Tiago Eurico de Lacerda [2]
Considerando os fatores que justificam a
existência do Estatuto da Criança e do Adolescente (ECA), como a deficiência
moral da sociedade, do Estado e das famílias ao negligenciarem sua função
protetiva, talvez o termo “comemoração” não soe o mais adequado para referir os 30 anos da sua vigência. Comemorá-lo
equivaleria a celebrar uma vitória que ainda não ocorreu, sobre uma luta que
sequer deveria existir.
Tal
observação não tem o condão de descredibilizá-lo, pelo contrário, havendo condutas
que contrariem o senso de humanidade e ética, é imperativo o dever estatal de
criar normas regulamentadoras que coadunem com os interesses sociais. É nessa
esteira que se encontra o ECA: uma norma com vistas a resolver o cenário de
irresponsabilidade da tríade sociedade, Estado e família.
Esse
cenário iniciou-se com a colonização do Brasil, que, guiada pelos valores da
modernidade, como a acumulação de capital e o liberalismo econômico, transformou
negros e indígenas em escravos, tratando-os como mercadoria e submetendo-os a
todo o tipo de violência. Nesse contexto, o fato de ser criança ou adolescente
em nada correspondia à prerrogativa de proteção, em verdade, ocorria o proveito
dessa situação para adestrá-los, o que lhes custava a separação do convívio com
seus pais, a violência sexual, o trabalho forçado etc.
Com
a abolição, que a propósito é outra norma cuja comemoração mostra-se
controversa, a expectativa de se estabelecer um ambiente social favorável a
esses sujeitos transformou-se em um problema tão severo quanto o que havia
antes. Isto porque eles passaram a ser abandonados sem nenhum tipo de amparo, privados
do trabalho em razão da raça ou classe, enfim “empurrados” para a periferia e
forçados a viver na miséria, eis o processo de marginalização, fruto do
controle social de classes, que vitimiza uma das figuras mais vulneráveis do
cenário social: a da criança e do adolescente. Neste ponto, torna-se cristalina
a percepção do desinteresse do Estado em promover políticas públicas, o
desinteresse da sociedade de classes em ampará-los e, muitas vezes, não só o desinteresse,
mas a própria impossibilidade das famílias (quando estas existiam) para
subsidiar suas crianças e adolescentes.
Na
medida que ocorria a marginalização, havia o crescimento avassalador de crianças
e adolescentes em situação de rua ou em abrigos, exposição à fome, à violência
sexual, mas também ao trabalho forçado, tanto na forma de “adoção” para fins de
criadagem como para atender as demandas do narcotráfico. Embora sob uma perspectiva
não humanitária, tal problemática social foi levada em consideração pelo Estado,
de modo que, em 1927, criou-se o código de Menores, cujo enfoque direcionava-se
à questão da higiene e saúde pública, em uma abordagem que criminalizava a
pobreza. Em outras palavras, as crianças e os adolescentes passaram a ser “uma
pedra no sapato” do Estado e da elite social, que, por si só, justificava a
mobilização no sentido de criar uma norma regulamentadora. Repita-se: referida
iniciativa não se relacionava com a ideia de humanitarismo.
Décadas
seguintes, iniciou-se o movimento pós Segunda Guerra Mundial em prol dos
Direitos Humanos, sendo estes aderidos por diversas nações, inclusive o Brasil.

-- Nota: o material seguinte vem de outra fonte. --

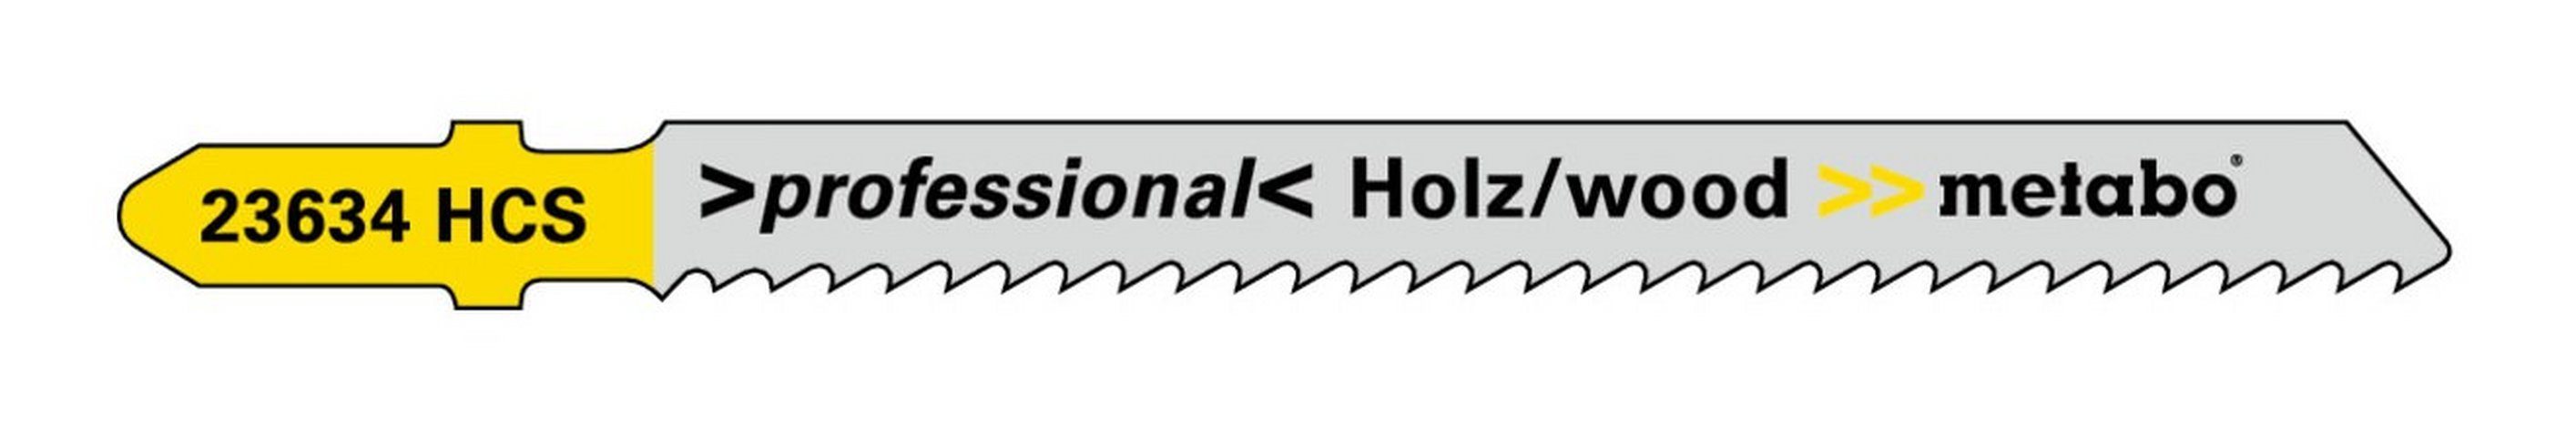 HCS professional 2,5 Serie Holz / metabo (25 mm 74 Stichsägeblatt Stück), Stichsägeblätter
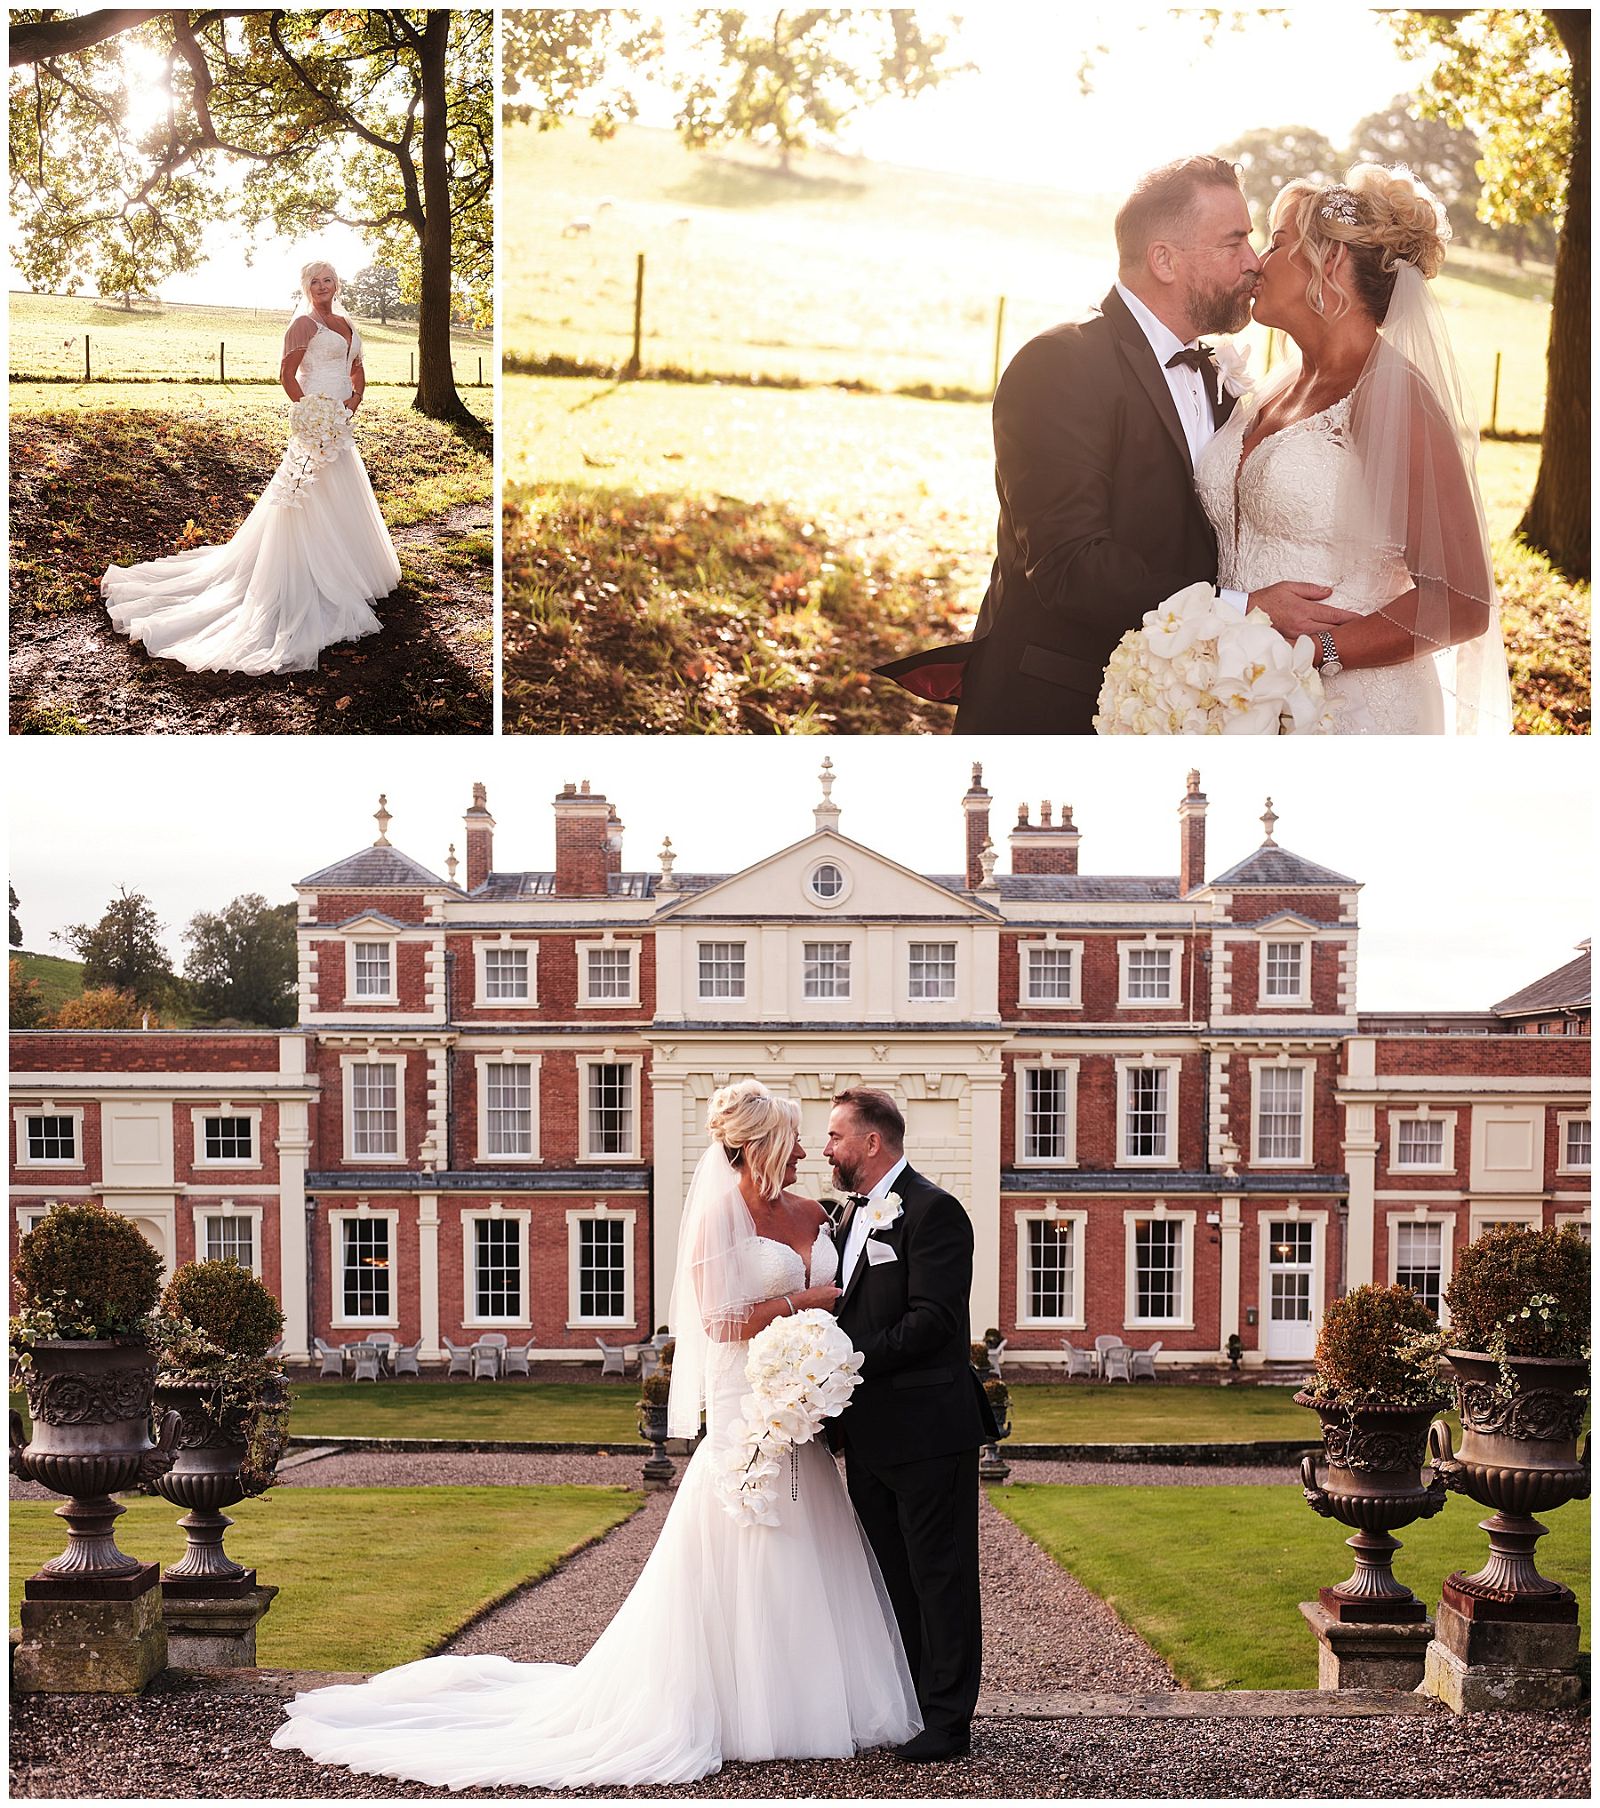 Creative documentary wedding photography at Hawkstone Hall captured by Shropshire Wedding Photographer Stuart James

No entanto, sua criação não representou uma transformação na maneira como o
Estado e a sociedade lidavam com a questão das crianças e dos adolescentes,
sendo forçoso admitir que os Direitos Humanos não se prestavam a garantir
nenhum tipo de proteção, eram ineficazes no Brasil. Não à toa, somente em 1988,
com a promulgação da Constituição Federal e a previsão expressa de proteção às
crianças e aos adolescentes, em seu art. 227, é que se pode vislumbrar um
horizonte de transformação para aquela realidade social. Ainda assim, a
regulamentação do dispositivo ocorreu apenas em 1990, com a criação do Estatuto
da Criança e do Adolescente.
Assim
sendo, o que antes mostrava-se ser uma ilusória expectativa de direitos passou
a materializar-se na forma de um estatuto, comprometido com uma abordagem
humanitária, pela qual se estabelece o direito às crianças e aos adolescentes do
desenvolvimento físico, mental, moral, espiritual, e social em condições de
liberdade e dignidade. Do mesmo modo, o diploma legal tipifica condutas
criminosas nas quais o público infanto-juvenil cotidianamente é vítima.
Nessa
perspectiva, o Estatuto também dispõe os mecanismos aptos à garantia e
efetivação desses direitos, incumbindo à sociedade, ao Estado e à família o
dever de protegê-los. Não obstante, ele inova ao criar o Conselho Nacional dos
Direitos da Criança e do Adolescente, os Conselhos Estaduais, Distrital e
Municipais e o Conselho Tutelar, todos carregando em si determinada
responsabilidade, seja no sentido de criar diretrizes ou promovê-las. Além
disso, delega várias responsabilidades compreendidas na alçada de competência
do Ministério Público e ao Poder Judiciário.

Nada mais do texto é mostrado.